We rely on many OSS projects, including pnpm, Biome, and various React-based libraries. Our commitment is to ensure these projects remain sustainable for the long term, enabling widespread consumption and innovation. Critically, we want to make sure maintainers receive the necessary financial support to feel valued by the community and avoid burnout.

Even with AI generating code, the use of OSS is not declining. In fact, as exemplified by the impact on major projects like TailwindCSS and tldraw, AI is expected to significantly increase the download rates for widely used open source projects. We are proud to join the open source pledge and formally commit to supporting open source software.

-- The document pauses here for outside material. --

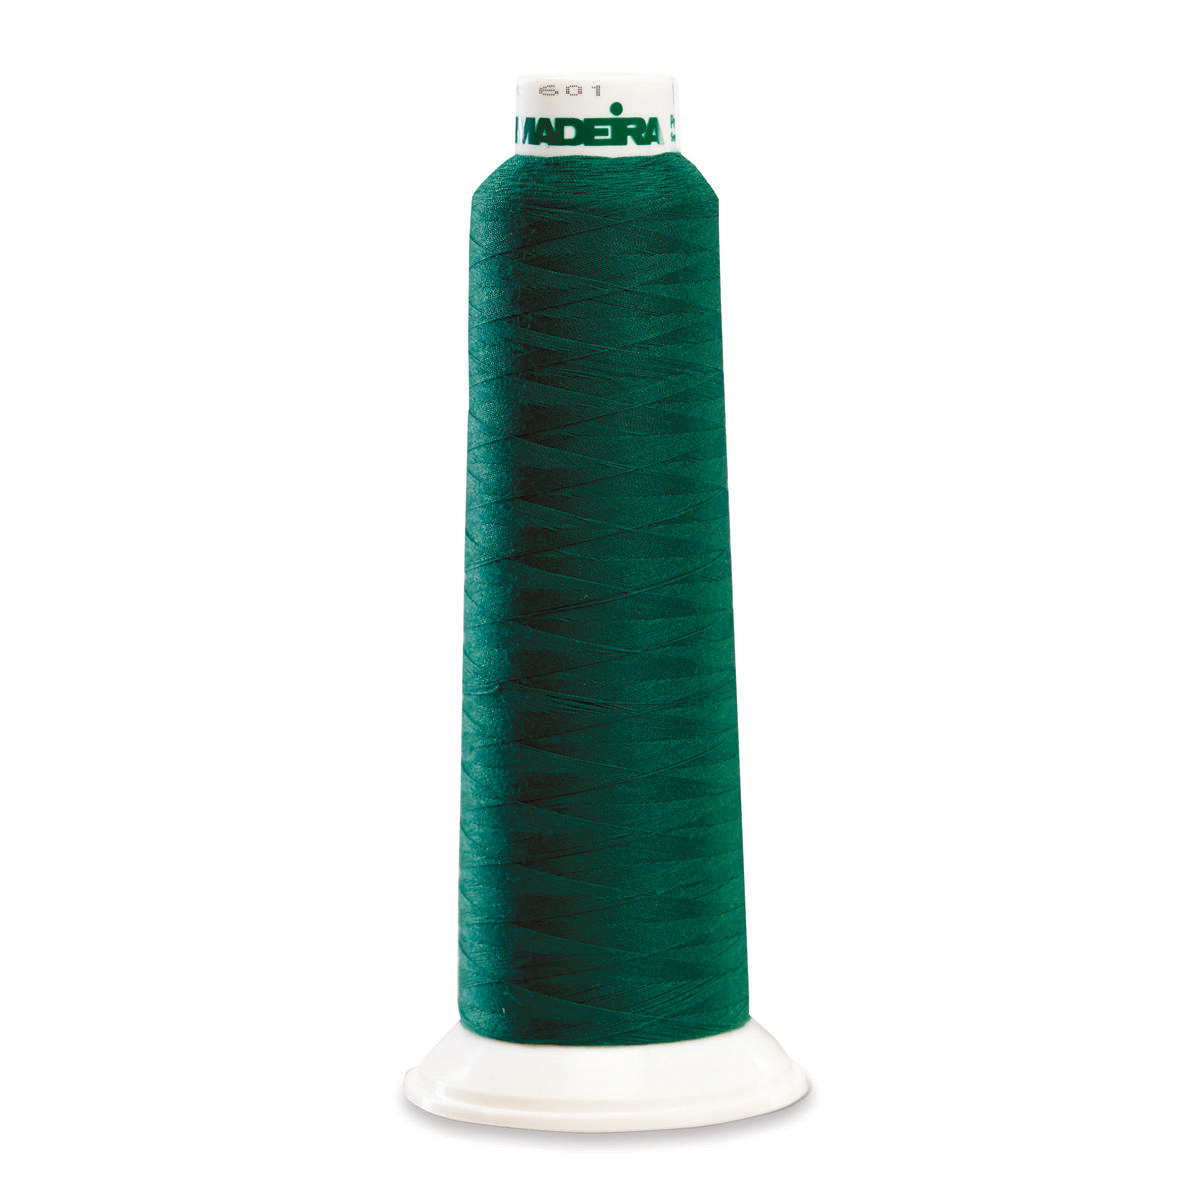 9902 Pine Green Poly Serger Thread Madeira Aerolock

CodeRabbit‘s effort in 2025

In 2025, CodeRabbit demonstrated its strong commitment to the open-source community by distributing over $600,000 in sponsorships, in addition to offering a free tier for open-source projects. This significant funding is part of our effort to support maintainers who continue to spend valuable time reviewing pull requests, a burden that is often exacerbated by the ongoing influx of AI-generated contributions to OSS projects.

Further details on how CodeRabbit distributed more than $600,000 to various projects are available below.

Part of our commitment to open source is sponsoring developers on GitHub, where we were able to support 18% of the maintainers for the packages CodeRabbit relies on directly. We're planning to boost that support even more in 2026. In the first quarter of 2026 we are giving away $100,000 to the tools we and members of our community rely on.

We sponsored 74 devs and distributed around $267,000 using GitHub sponsors and open collective.

We directly collaborated with maintainers to distribute the remaining $360,000+ in funding.

Our commitment to open source continues as we launch the CodeRabbit oss program, which is part of our commitment to giving $1 million to the open source community.